À l'aube du 6 décembre 1491, dans le château de Langeais, près de Tours, Charles VIII l'Affable épouse la duchesse Anne de Bretagne. Elle a 14 ans et le roi de France 21.
C'est le début de la fin pour la Bretagne indépendante...
Marie Desclaux.
Tumultueuses fiançailles
Le 19 août 1488, par le traité du Verger,
le duc François II a dû promettre au roi de France que sa fille et
héritière Anne ne se marierait pas sans son consentement. Et voilà qu'il
meurt trois semaines après la signature du traité, le 4 septembre 1488,
à 53 ans.
Née à Nantes le 25 janvier 1477, la petite duchesse a onze ans seulement quand elle succède à son père à la tête du duché.
Bien qu'affectée d'un boîtement de la jambe droite, elle devient
l'objet des convoitises des princes les plus puissants d'Europe car de
son futur mariage dépend le sort de la Bretagne.
Les seigneurs bretons, soucieux de leur indépendance, craignent plus
que tout le roi de France, trop proche. En 1490, ils prient Anne
d'épouser par procuration le futur empereur d'Allemagne Maximilien 1er de Habsbourg (31 ans).
Faute de pouvoir se rendre à Rennes, Maximilien délègue l'un de ses
compagnons, le maréchal Wolfang von Polheim. Selon la coutume, celui-ci
glisse sa jambe nue dans le lit de la fillette pour valider l'union par
procuration.
Le roi de France Charles VIII n'ayant pas été consulté, il s'agit
d'une violation caractérisée du traité du Verger, d'autant plus
inacceptable pour la France qu'elle menace celle-ci d'un encerclement
par les domaines des Habsbourg.
Ruptures de contrat
Le roi Charles VIII, piqué au vif, marche sur le duché à la tête de
ses troupes. Après la prise de Nantes et le siège de Rennes, Anne
comprend qu'elle ne peut pas compter sur le soutien de son lointain
mari, d'autant que celui-ci est occupé à combattre les Turcs.
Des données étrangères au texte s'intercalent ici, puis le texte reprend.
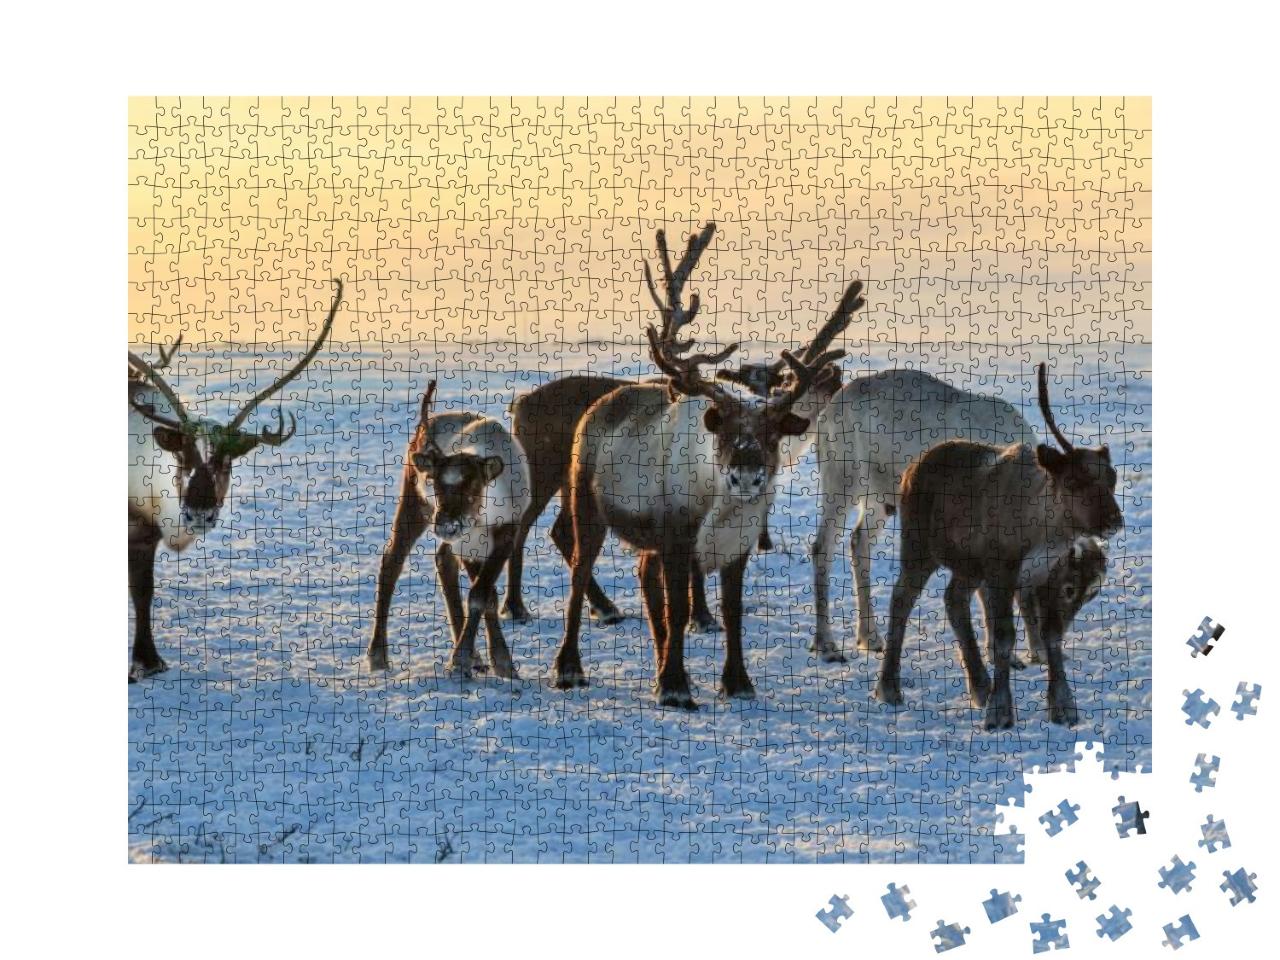 Herd of Reindeer in Winter Weather, Pasture Reindeer... Jigsaw Puzzle with 1000 pieces

La jeune duchesse se résigne donc à épouser Charles VIII. Le roi de
France, qui avait été fiancé 7 ans plus tôt à une fillette de 3 ans, n'a
pas de scrupule à renvoyer sa promise, Marguerite d'Autriche, chez son père qui n'est autre que Maximilien !
Mariage en catimini
Comme le roi ne veut pas heurter inutilement la susceptibilité du
fiancé éconduit ni risquer un enlèvement d'Anne, c'est en catimini que
les futurs époux se retrouvent à Langeais, non loin de la frontière
entre le royaume et le duché.
Le château appartient à la famille de Dunois, un ancien compagnon de
Jeanne d'Arc. Dans la nuit, les compagnons du roi vont quérir un notaire
dans la ville voisine et les deux conjoints se font une mutuelle
donation sur le duché, en présence d'une assistance triée sur le volet,
incluant le diplomate Jean d'Amboise et bien sûr Anne de Beaujeu, soeur
aînée du roi et régente du royaume.
Il reste encore une petite formalité : l'annulation du mariage d'Anne
et Maximilien ! Le pape se résigne à la signer (et à l'antidater) trois
mois après la cérémonie de Langeais.
Ainsi la Bretagne rentre-t-elle dans le giron capétien. Elle
deviendra formellement française à la génération suivante, en 1532,
quand les états généraux de Vannes approuveront le rattachement du duché
au royaume de France tout en préservant leurs privilèges ainsi que
l'autonomie judiciaire et fiscale du duché.